BONUS: As a gold digger himself, he totally won’t judge me for being one also!
4. The Swinging Friar
Team: San Diego Padres
Ever since I saw Friar Tuck in the Disney version of “Robin Hood,” I’ve had a thing for guys in roped and hooded cloaks. The fact that this one is also adorably pudgy and balding and can't help but be in a constant good mood makes him even hotter. Plus, friars are off-limits which makes him even more appealing. I love a good challenge!
More than anything though, I think he’s sexy in a “He’d be super fun to drink a lot of beer with on a Saturday afternoon" kind of way. Also, that whole “swinging” thing has me intrigued. Sure, they say it’s in reference to baseball, but is it really?
And while my mother always tells me, “It’s just as easy to fall in love with a rich man as it is a poor man,” (Seriously, that's something she actually says), I always seem to fall for the ones who are broke.
Of course, first things first: I’ve GOT to get him out of those man sandals.
3. Captain Fear
Team: Tampa Bay Buccaneers
Right. Because I even have to explain this one? Um, hi. He’s a pirate. A talk, dark, and handsome pirate with blue eyes and a full beard. A rugged pirate. Lost at sea for weeks on end? No problem. I feel certain Captain Fear and I could find endless ways to pass the day. (What, you perv? I meant fishing and making fancy rum drinks.)
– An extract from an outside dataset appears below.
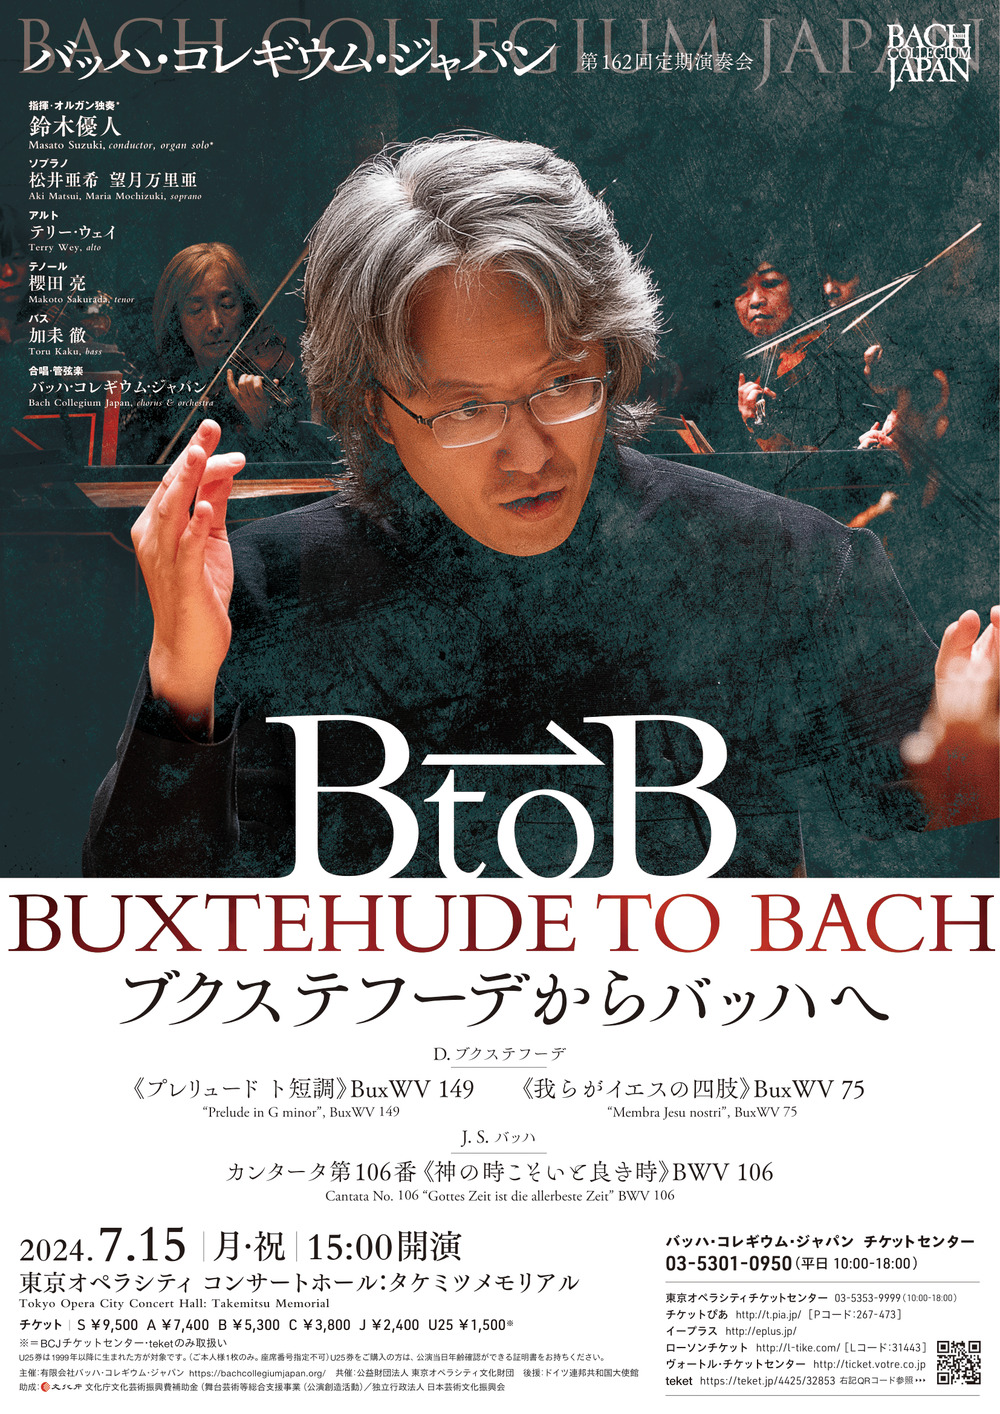 BCJ】ブクステフーデからバッハへ【バッハ・コレギウム・ジャパン（BCJ）】 | 東京オペラシティ コンサートホール：タケミツ メモリアル

Also, do you SEE the size of that sword? Shiver me timbers.
2. Bernie Brewer
Team: Milwaukee Brewers
Occupation: Beer-Drinking Brewers Fan (as best I can tell)
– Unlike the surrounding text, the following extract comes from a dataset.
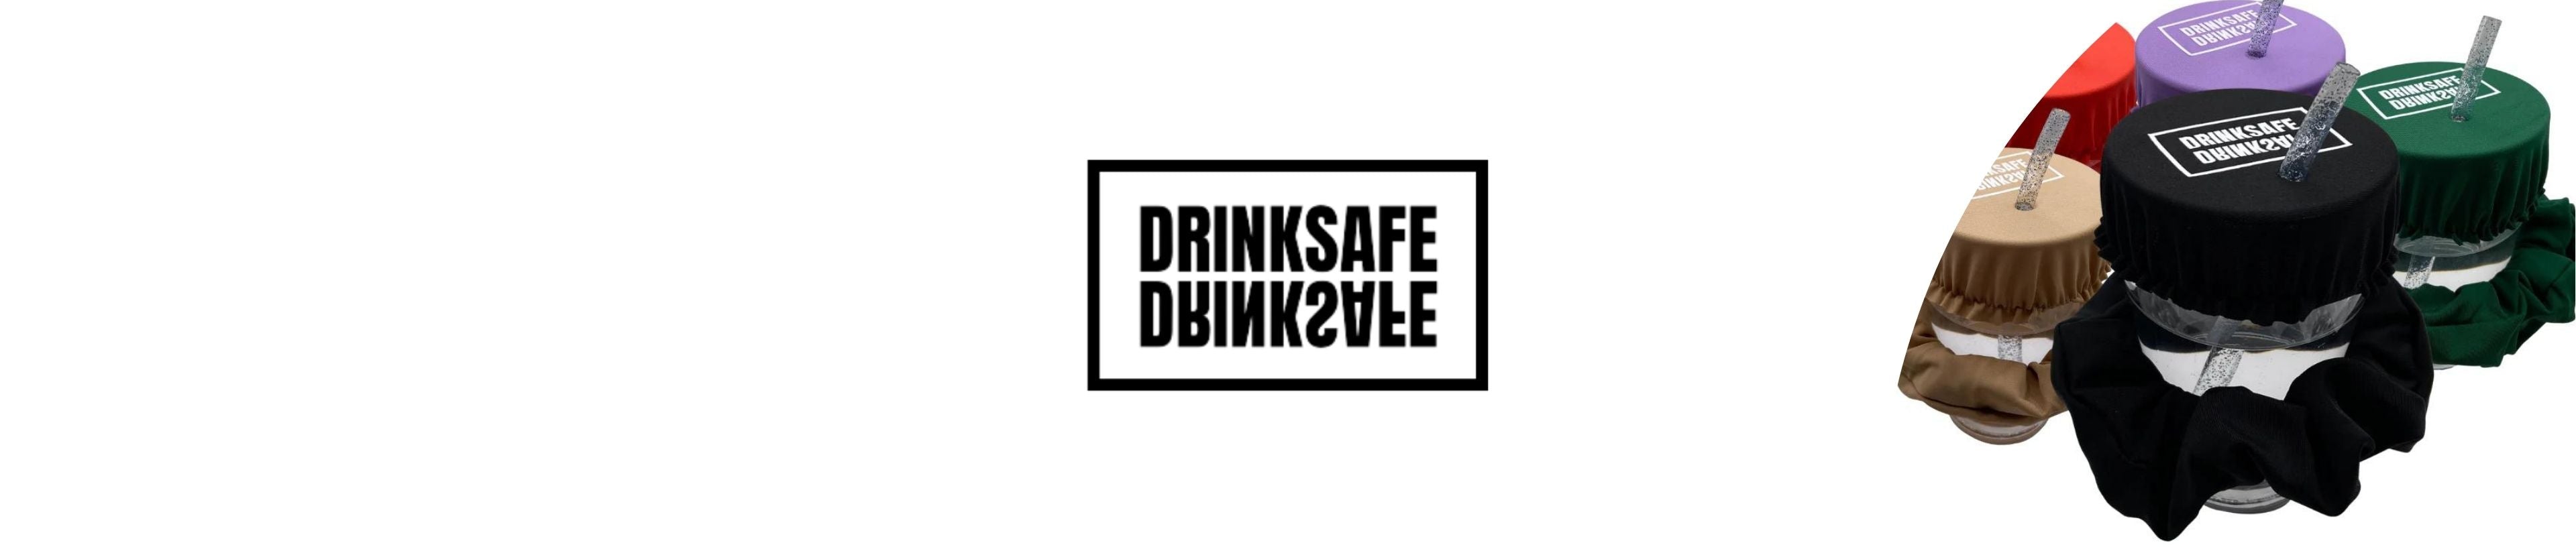 Bannière drink safe chouchou protection anti drogue

Normally I don’t go for blonds, but Bernie’s mustache is so amazing that there’s no way I could leave him off of this list. I mean, sure my love of mustaches likely stems from a long list of daddy issues, but hello! Give me a luscious 70s-inspired mustache and I’ll give you, well: Me.
It does seem that Bernie might be a bit dense and maybe a little too cheerful, but ultimately I don't care because, again, I'm obsessed with his mustache. Plus, sometimes it’s nice to just be around someone who’s, well, nice. And Bernie seems like he’s that guy.
It also helps that in years past, after every Brewers' home run, Bernie plunged himself into a huge beer mug. If I close my eyes, I can just imagine the taste of his beer-soaked mustache during a passionate post-game kiss.
1. Steely McBeam
Team: Pittsburgh Steelers
Occupation: Steel worker
When I look into Steely McBeam’s piercing blue eyes, I see a man who is stoic, yet passionate. A man who knows what he wants and knows how to get it. A man with rough hands, rough stubble and rough habits in the bedroom.
Steely McBeam pulls your hair, but never pushes your buttons. He’s dedicated to his work, but is always home for dinner. He’s a man of few words, but many ideas. When he speaks, he’s sincere, blunt and completely honest. Yes, he’s a bit gruff, but he’s unfailingly loyal and never lets you down.
Steely McBeam probably loves his mother, which is kind of gross, but also something I’m supposed to think is good for guys to do..
And finally, just take a moment to imagine that strong jaw and those perfectly straight teeth ripping through the flesh of an enormous juicy steak fresh off the grill.
There you have it. My favorite (and sexiest) mascots. Put 'em in your spank bank! Then, let me know in the comments which mascot makes you root harder and louder.
(Oh, and for those of you wondering why I didn’t include any animal mascots on the list? That’s because I'm not into bestiality. And, frankly, you're kind of sick for even wondering that. Just sayin'.)